And shame on the erector for refusing to do any survey. It may cost a little
but anyway........sometimes it is very important to understand exactly what
you have, and goes a long way toward flagging erection or fabrication errors
before they are locked in or buried in concrete. There are some very savvy
GC and CM guys out there that write survey activities into the scope for
their steel or concrete subcontractors; it does not need to be a PLS or PE
stamped survey, but two ironworkers or two carpenters with a laser level can
spot elevations on 15,000 sf of deck in an afternoon. I am now a believer
because we found a 1-1/2 inch bust in fabricated column length splice to
splice at 4 columns on a line in one tier of a 7 story building(of course
they were repetitive) that otherwise would have been unnoticed until in the
middle of a pour. The early flag that came out of the survey allowed an
informed decision to be made as to what was to be done to address the
condition. Transfer girders or trusses should always be monitored during
erection.
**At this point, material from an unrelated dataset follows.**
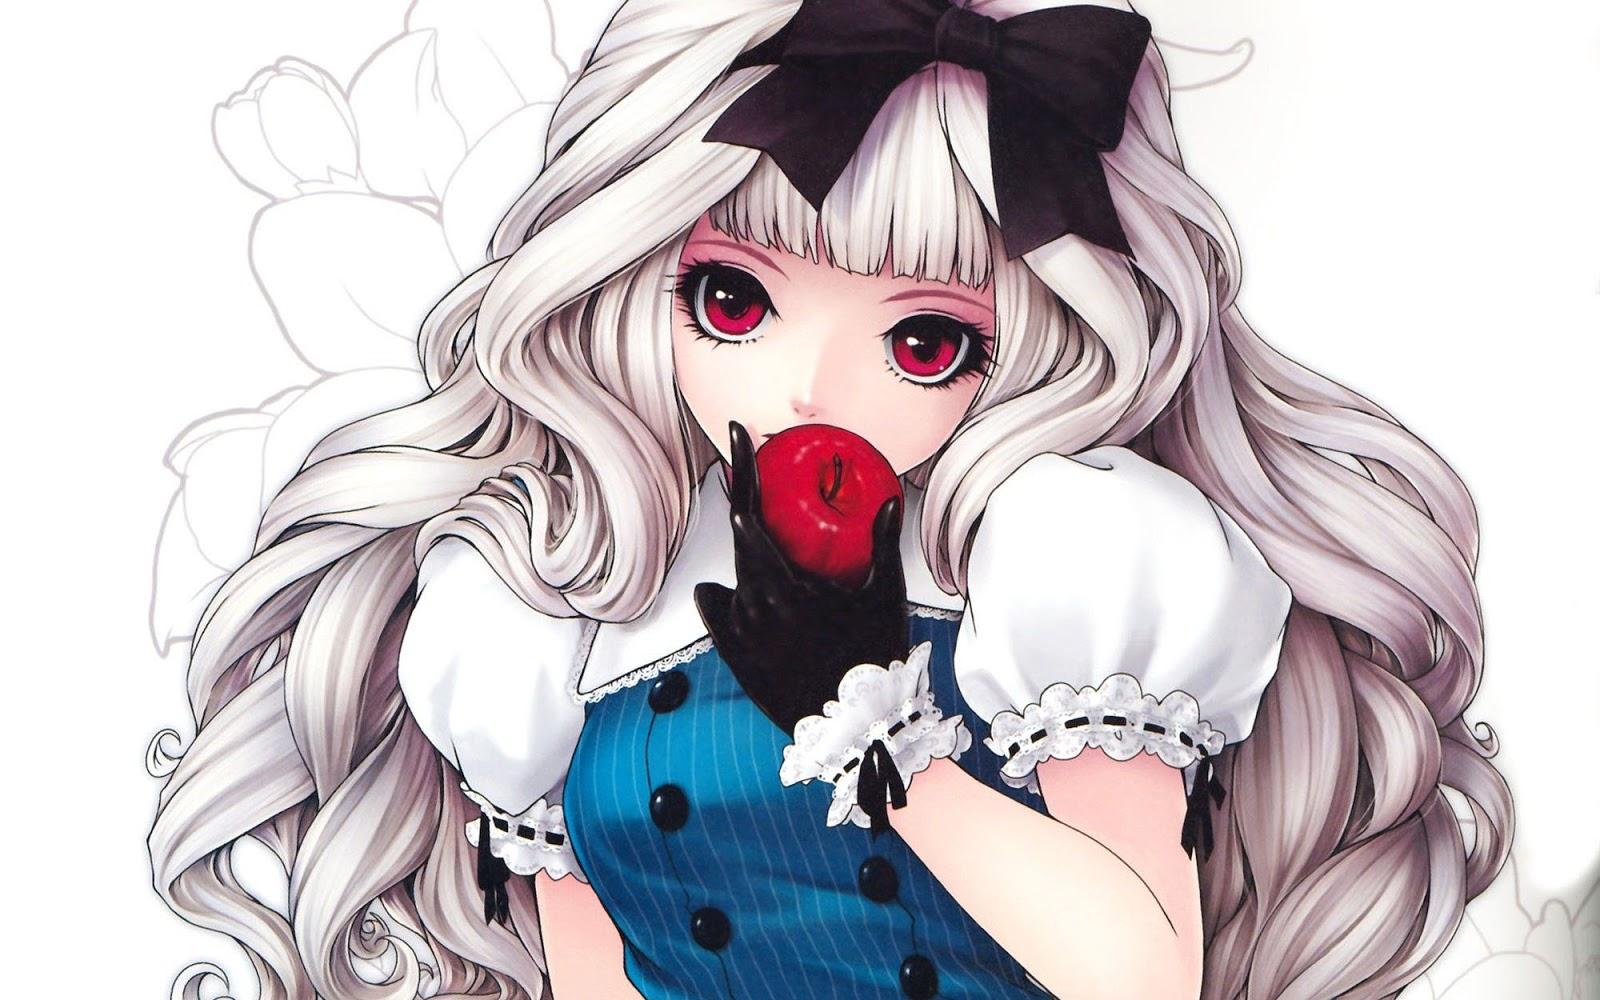 Anime Cute White Long Hair Red Eye Eating Apple HD Wallpaper Desktop 1600x1000

In high-rise construction it is essential to be checking
elevations because there are often over lengths specified in heavily loaded
columns to allow for differential shortening; if that gets screwed up the
costs can be catastrophic. In short, if you even think you might have a
situation where you could have a problem with elevations and tolerances for
a project, you should review this with the CM/GC to see if it can be bought
in his scope somewhere, or require it as a submittal from either the steel
subcontractor or the concrete subcontractor. They will bitch, but if you
have a strong feeling about the potential, you should ask for this. However,
I would not make it a standard for a "typical" steel frame building; the
subs are obligated to meet tolerances and maybe that is sufficient; I am
talking about complicated conditions where there are a lot of "links in the
chain" where something screwy with elevations would really be an issue.

Actually, the 1/8 inch beam depth tolerance should disappear in the
accumulated tolerances for the frame itself, and finally the slab pour.

On the other hand, if you are down (or up) 1/8 inch at the support, where
will you be out at the end of the cantilever? Is it set with intentional
camber? These issues may impact the need for shims. If they are not
considered to be important issues, then it all probably disappears in the
slab pour.

Ok, I'll get off the soap box.

Cheers.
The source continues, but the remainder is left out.